A mixed flock of Caspian Terns, Lesser Crested Terns and Brown-headed Gulls.

The beautiful, gentle-looking Crab Plover – an expert at breaking open molluscs and crabs by pounding them mercilessly with its heavy bill.

Great Knots

We would have happily spent hours observing these winged beauties had the boatman not warned us about the rising tide, as the sun began setting. The little island that we were on was fast submerging, and as we pushed away in our boat, we watched the water gobble up the island – inch by inch, foot by foot – within a matter of minutes. Wonders galore, is how we could best sum it up!

Finally, the last leg of our coastal sojourn took us to Byndoor, thirty minutes away from Kundapura. Unbeknownst to us, we had saved the best for last. The beach along Someshwara Temple in Byndoor, adjoining an estuary, was a revelation.
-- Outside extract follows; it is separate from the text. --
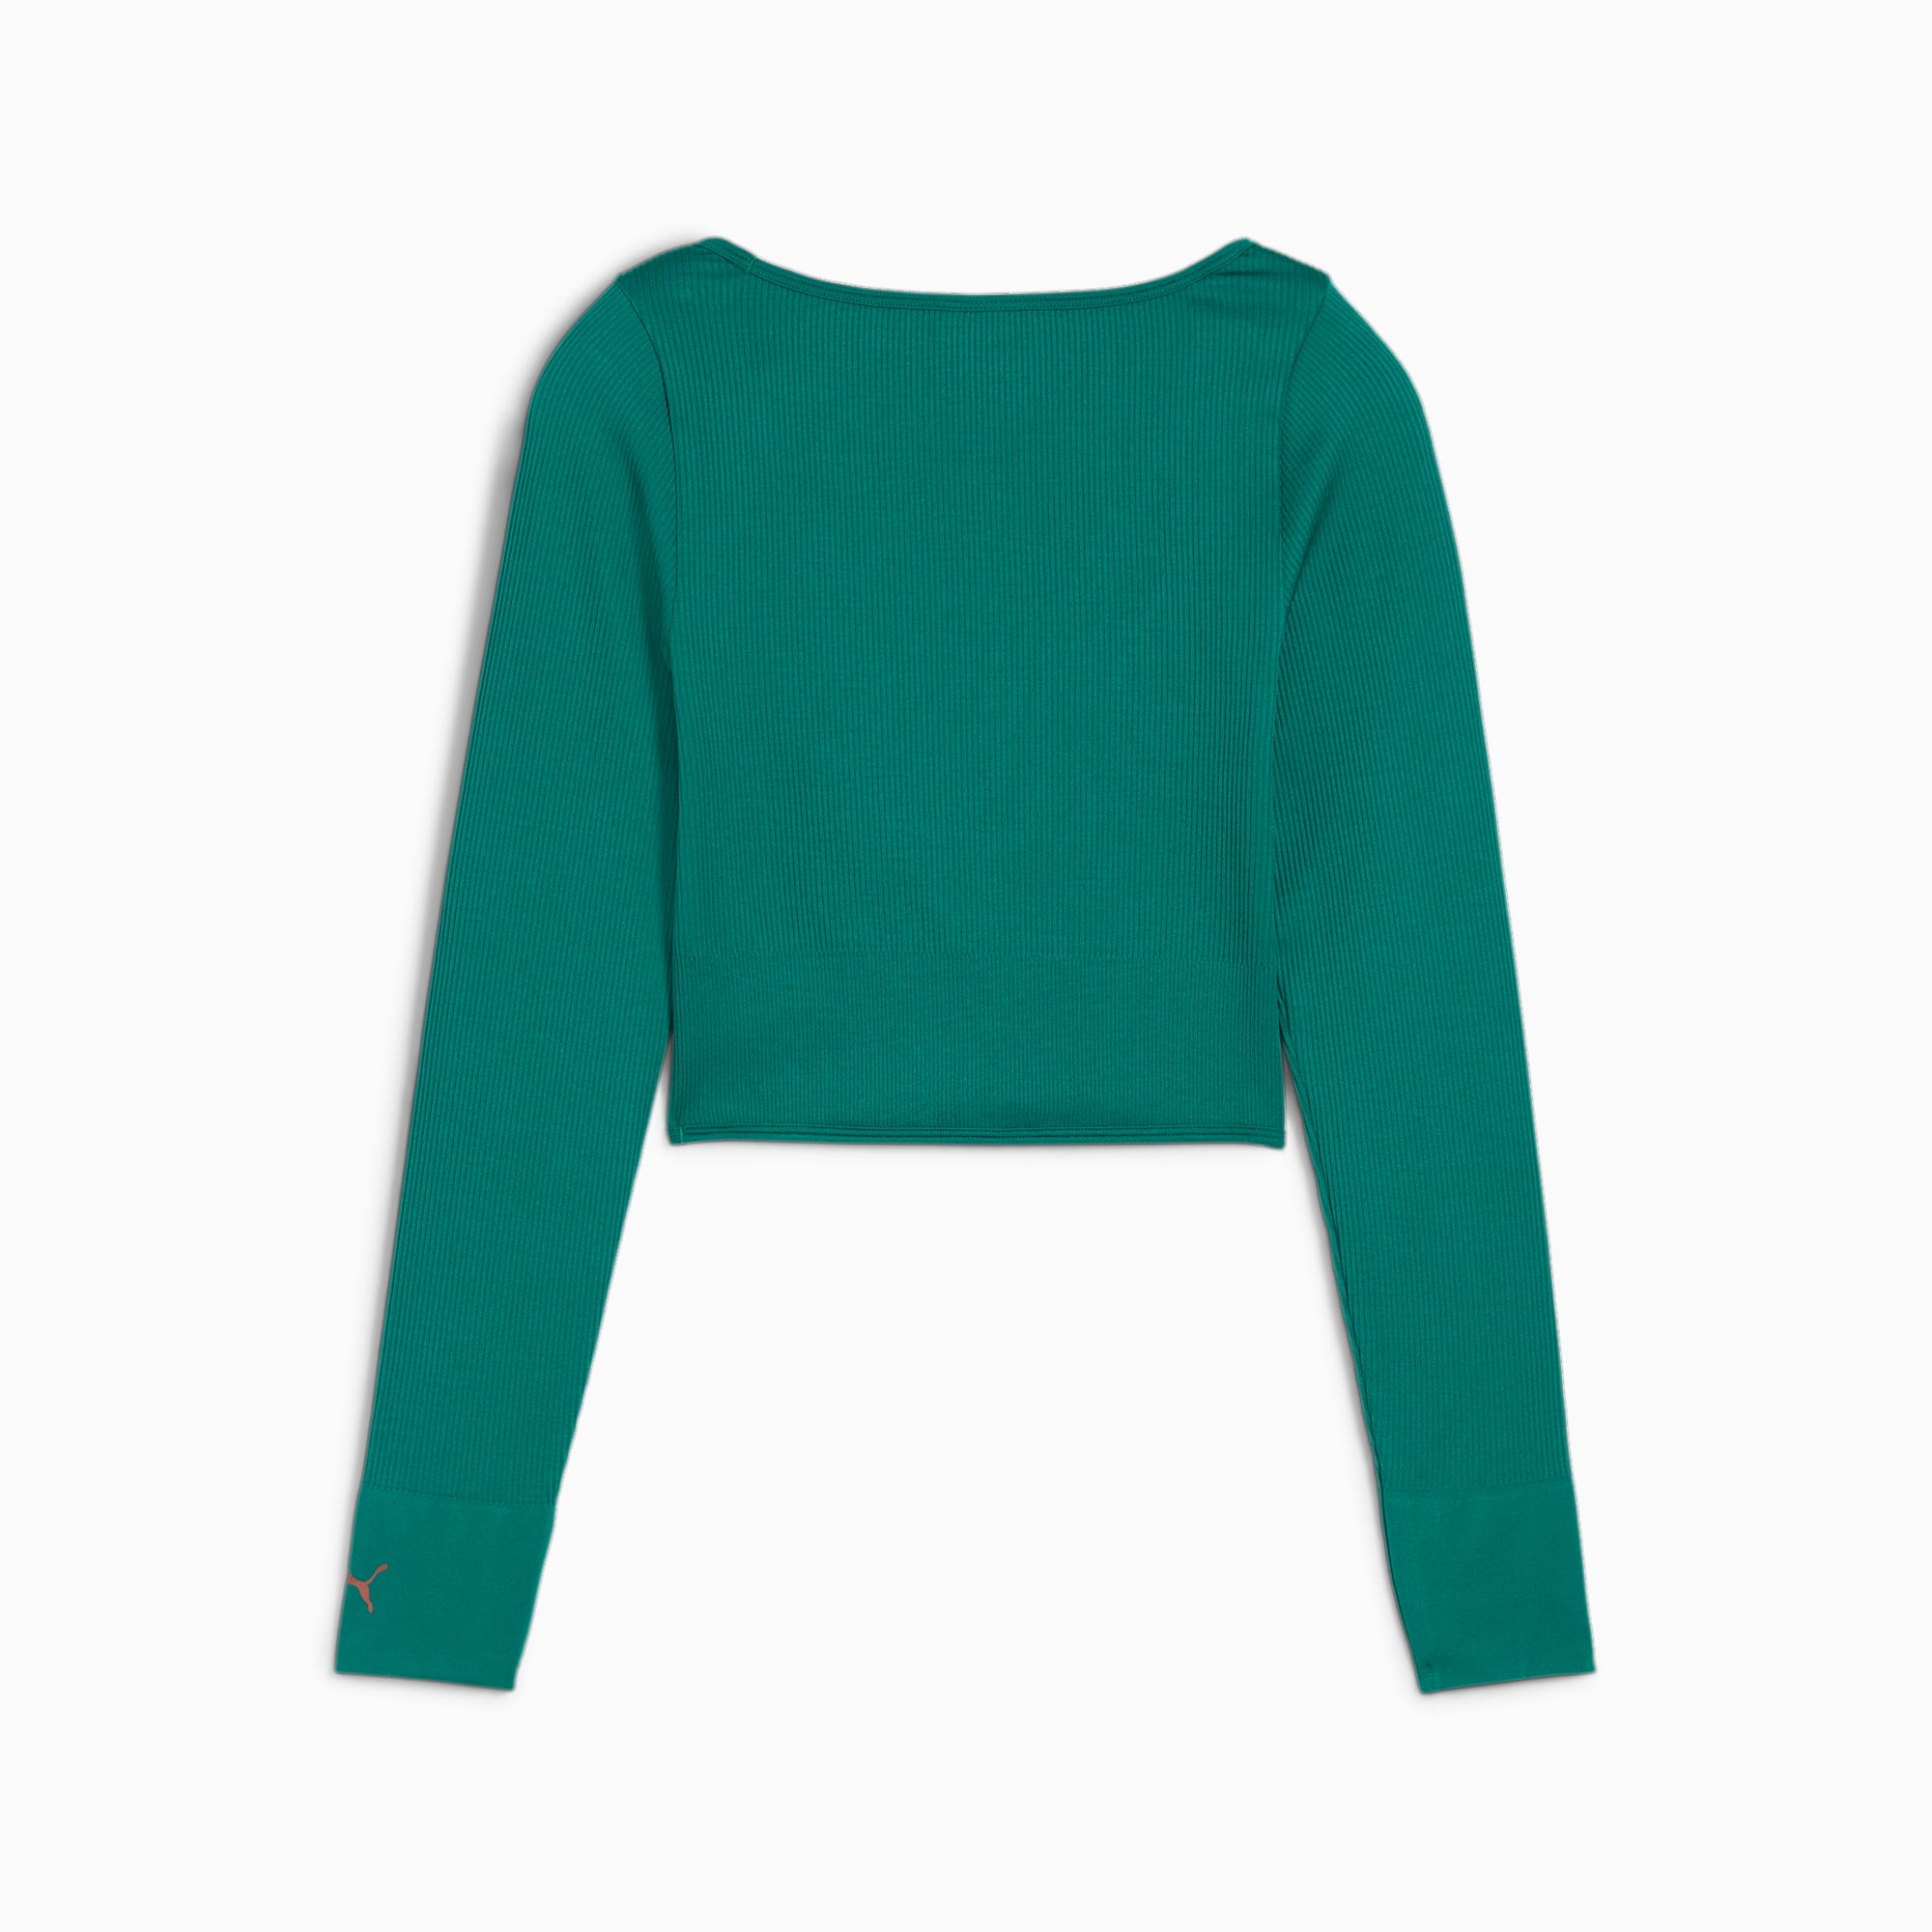 PUMA X Pamela Reif Women's Corset Long Sleeve Shirt, Magic Green, Size XXS, Clothing

The region is a flourishing hotspot for marine life, and during low tide, a wonderful spectrum presents itself. Mussel and algae laden rocks, pools of water collected in the rocky landscape, and an array of marine life concealed in them – it was enough to make us feel like explorers from a wildlife television channel. Struck with wonder, we observed quirky little crabs that disappeared into the sand in the blink of an eye, and brightly coloured fish trying to camouflage themselves, even as sandpipers and plovers scurried eagerly amongst the rocks, scouring for delicious titbits.

This beachside location acts as a supermarket not only for birds but humans as well. Groups of large crabs are found within the landscape’s rocky nooks, and I looked on as a person approached one such group, scooped out just a single crab from the bunch, and left satiated. I believe this is what we should all practise to sustain the natural world – take no more than you need. 

The landscape at Byndoor.

Common Sandpiper

Lesser Sand Plover

Eurasian Whimbrel

The charm of Byndoor was exceedingly magnetic and we found ourselves spending entire days watching the antics of crabs as they darted in and out of their burrows, creating beautiful patterns on the sand. At one place, my husband lay down on the ground to take an eye level photograph, and to my horror, I saw that what looked like an ant colony from afar was actually a ‘crab town’, buzzing with thousands of tiny crabs!

When it was time to pack up and be homeward bound, we understood what the term ‘dragging one’s feet’ was all about. That week spent in coastal Karnataka in search of waders was definitely amongst the best trips we had been on in a long, long time. And yet, we realised that we had just scratched the surface, and there were many more nuances to these beautiful seaside towns. Perhaps with a little bit more patience in waiting out the disruptive pandemic, we should be able to savour the delights of coastal Karnataka sooner than we think!